In this study, they investigated interesting differences
between human vision and computer vision that Weizmann mathematicians found.
The researchers, led by Professor Shimon Ullman of the Department of Computer Science and Applied Mathematics, found that computer algorithms, no matter how clever, are much worse than humans at interpreting image fragments known as minimum recognition configurations (MIRCs) (middle row in the image above)—that is, in determining from which objects these fragments are derived from (the line above
).
In addition, when the researchers gradually clipped or blurred the MIRCs, the computer's recognition decreased in a linear fashion, while in the human participants, it dropped abruptly at some cut-off point (bottom row).
Gruber realized that experiments involving MIRCs could provide a wealth of data
about the workings of the human visual system.
In an earlier study, she and her doctoral supervisor, Ahissar, have demonstrated that, contrary to widely accepted belief, the human eye doesn't work like a camera passively takes snapshots
.
In a study later published in the Proceedings of the National Academy of Sciences, she and Ahissar teamed up with computer scientist Ullman to test
human vision.
Identifying MIRCs usually takes a relatively long time for people – more than two seconds, which is more than 6 times more than
the 300 milliseconds it takes to recognize an entire object.
The researchers recorded eye movements in an attempt to identify MIRCs and used computational models to simulate the activity of
neurons in the retina.
These activity patterns not only vary with eye movements, but also depend on whether people can recognize objects
in pictures.
On average, recognition requires scanning different points in the picture with the eye four times; At each point, the eye drifts locally in all directions for hundreds of milliseconds
.
The results show that the interaction between eye movements and objects is critical
for recognition.
In fact, when the researchers canceled for the interaction between objects and eye movements—for example, by moving the picture synchronously with the eye—study participants were unable to recognize the object
.
"The retina doesn't replicate the outside world — unlike a camera, it replicates external patterns
on film or digitally.
Instead, human vision is an active process that includes interactions between external objects and eye movements," Ahissar said
.
"When different people look at the same thing, their eyes will follow different paths, and even the eyes of the same person will not copy the same trajectory, so in a way, every time we look at something, it is a one-time experience
.
"
So how does the brain encode visual reality? More precisely, how does this coding arise from eye movements and interactions between objects?
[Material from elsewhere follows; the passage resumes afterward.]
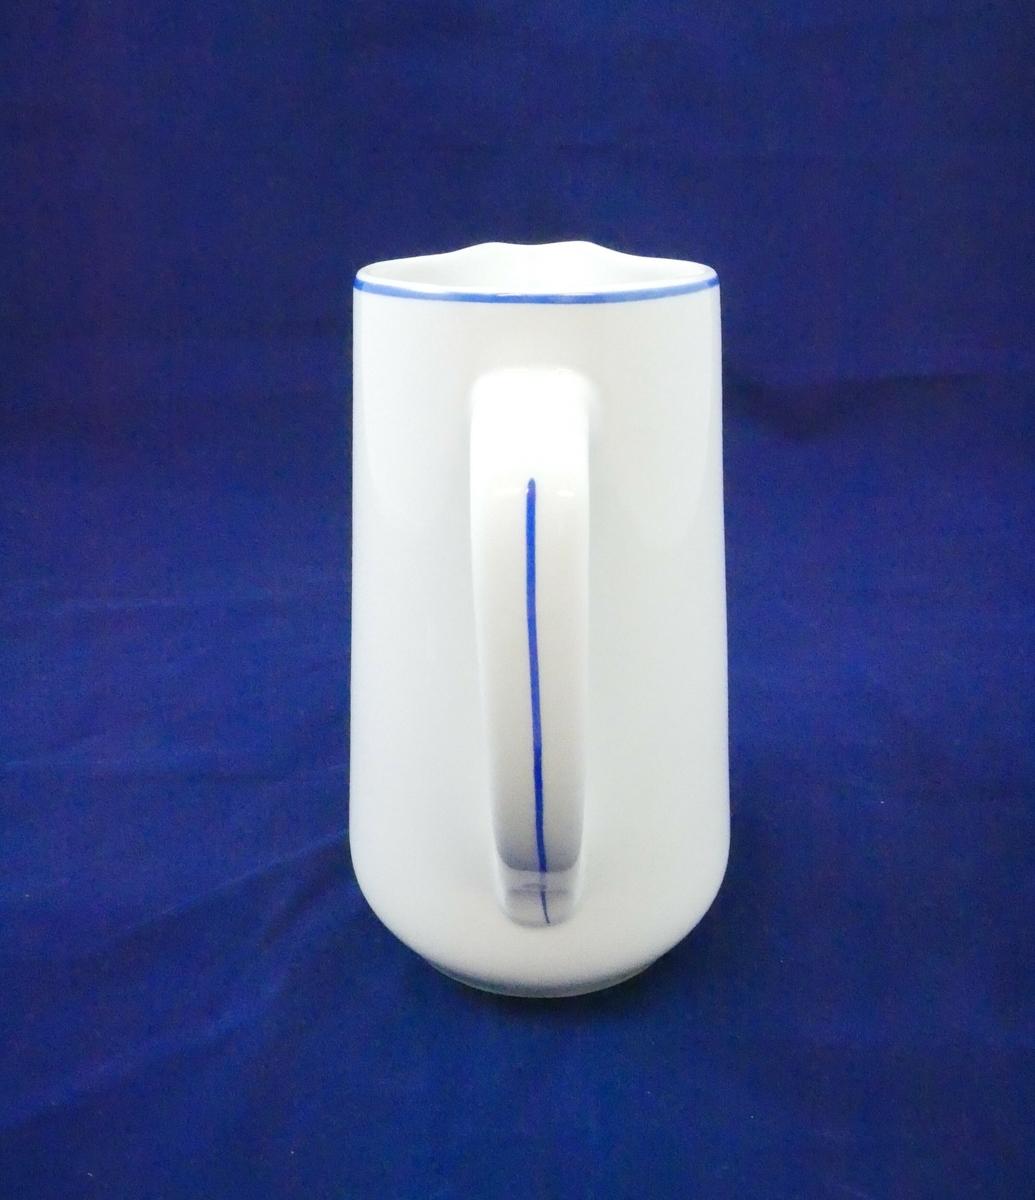 Hvit porselenskanne med håndtak på den ene siden. På håndtaket og rundt kanten på kannen er det en blå stripe. Den ene siden smalner ut og danner en tut
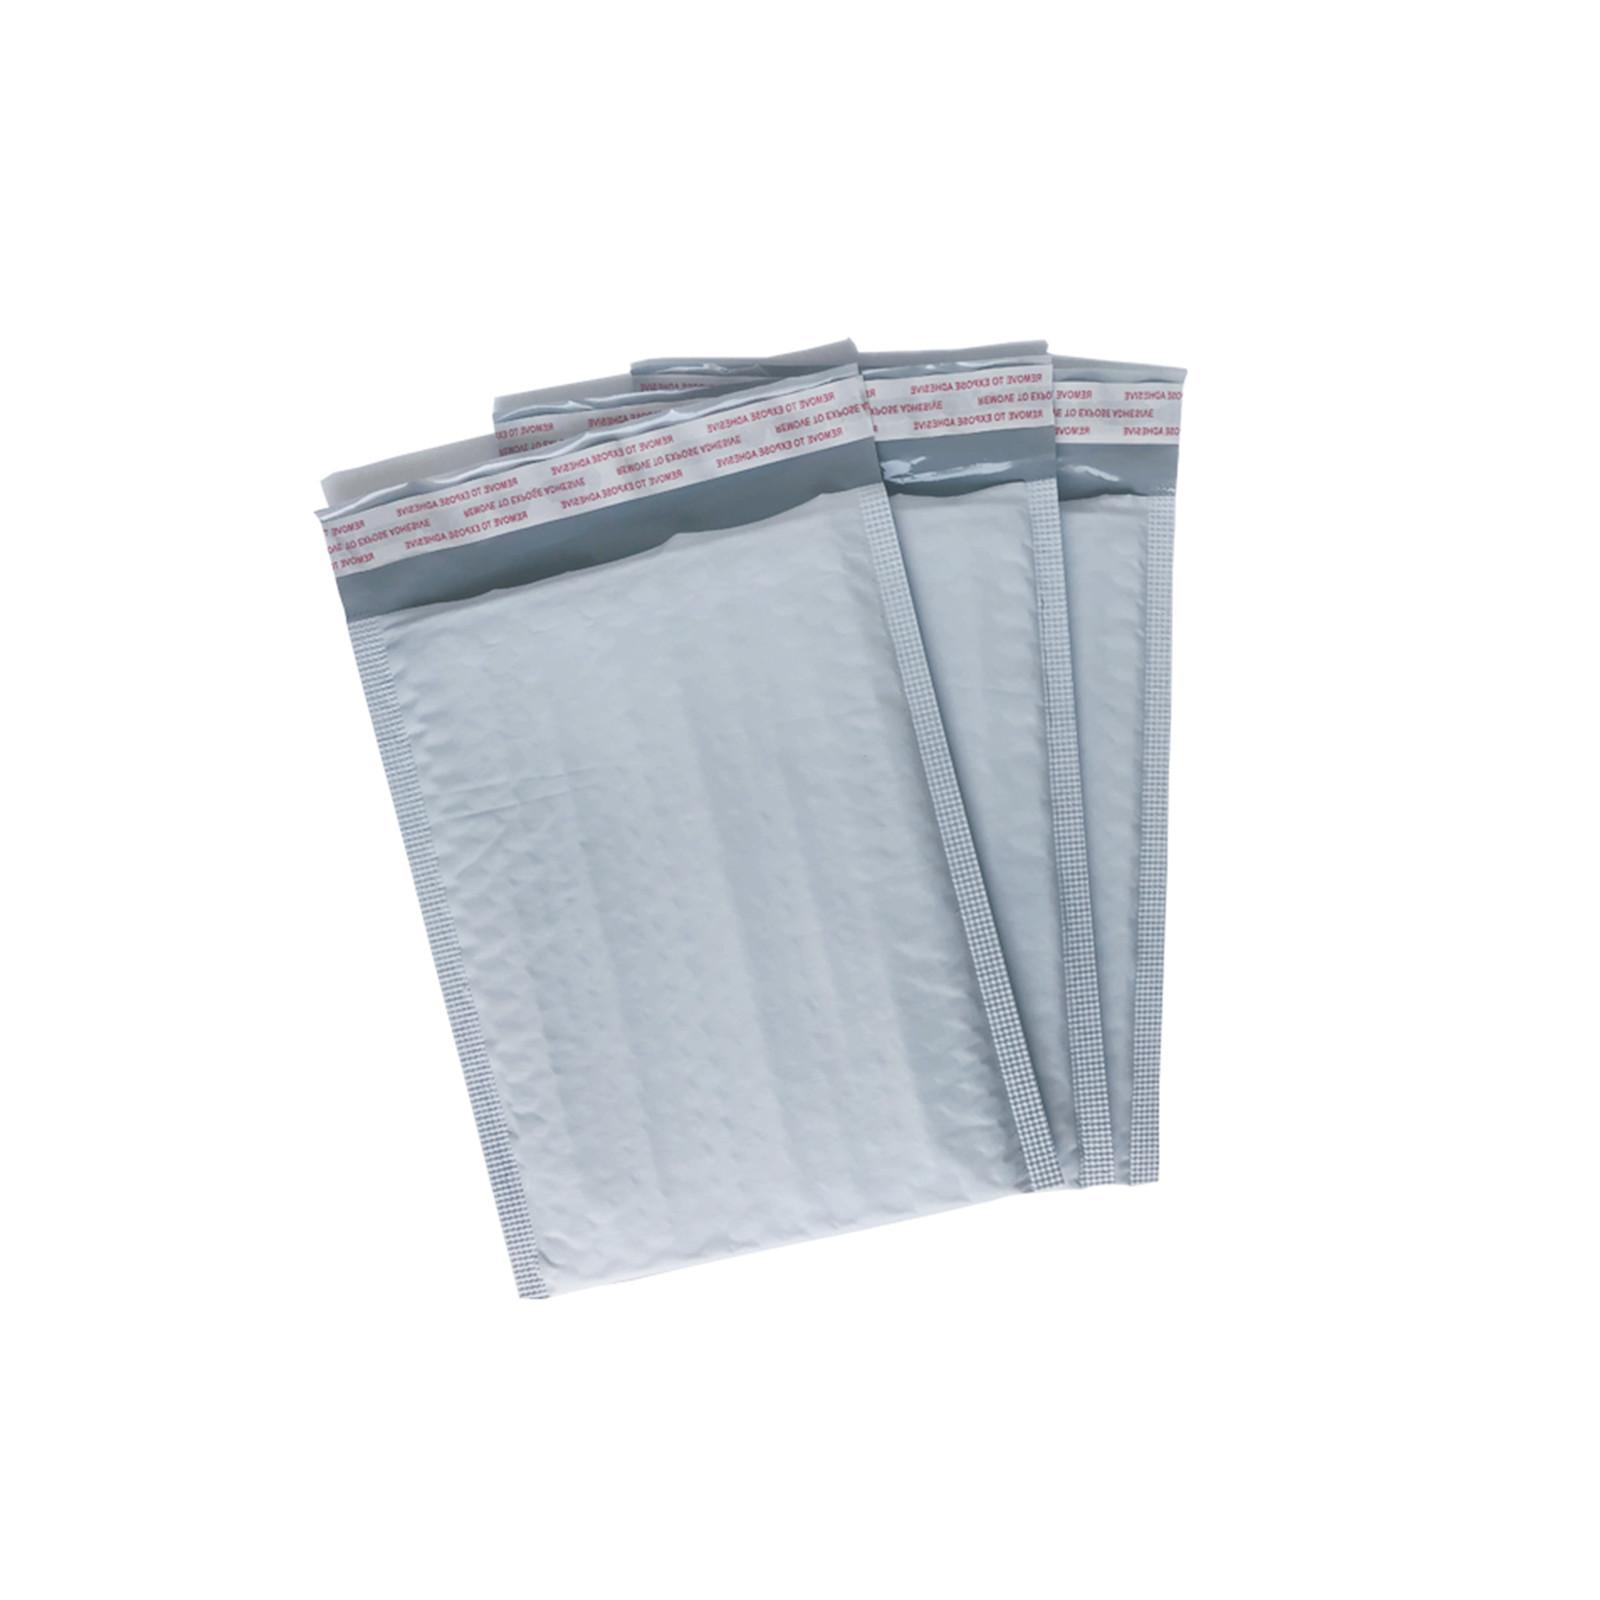 (500个装)共挤气泡信封袋,防震防摔加厚泡沫快递包装袋 7

Gruber said: "When we look at an object or scene, the intensity of the light received by each receptor on the retina changes
with each movement of the eye.
The resulting patterns of neuronal activity can be interpreted by the brain and perhaps stored
by the brain.
”
The findings represent a new direction in the search for neural codes, namely how information is encoded in the brain
.
Unlike the ubiquitous genetic code, the neural code can be different in different
brain regions.
The findings suggest that retinal coding stems from a dynamic process in which the brain interacts with external reality through the senses
.
They explain why it takes time to recognize a blurry object or figure out optical illusions – for example, finding a "hidden" Dalmatian dog in a black patch on a white surface: capturing such a complex image requires scanning
with an eye.
Once human vision — from eye movements to neural coding — is better understood, it will be possible to develop effective artificial aids for visually impaired people and teach robots to catch up with humans
when recognizing objects in challenging conditions.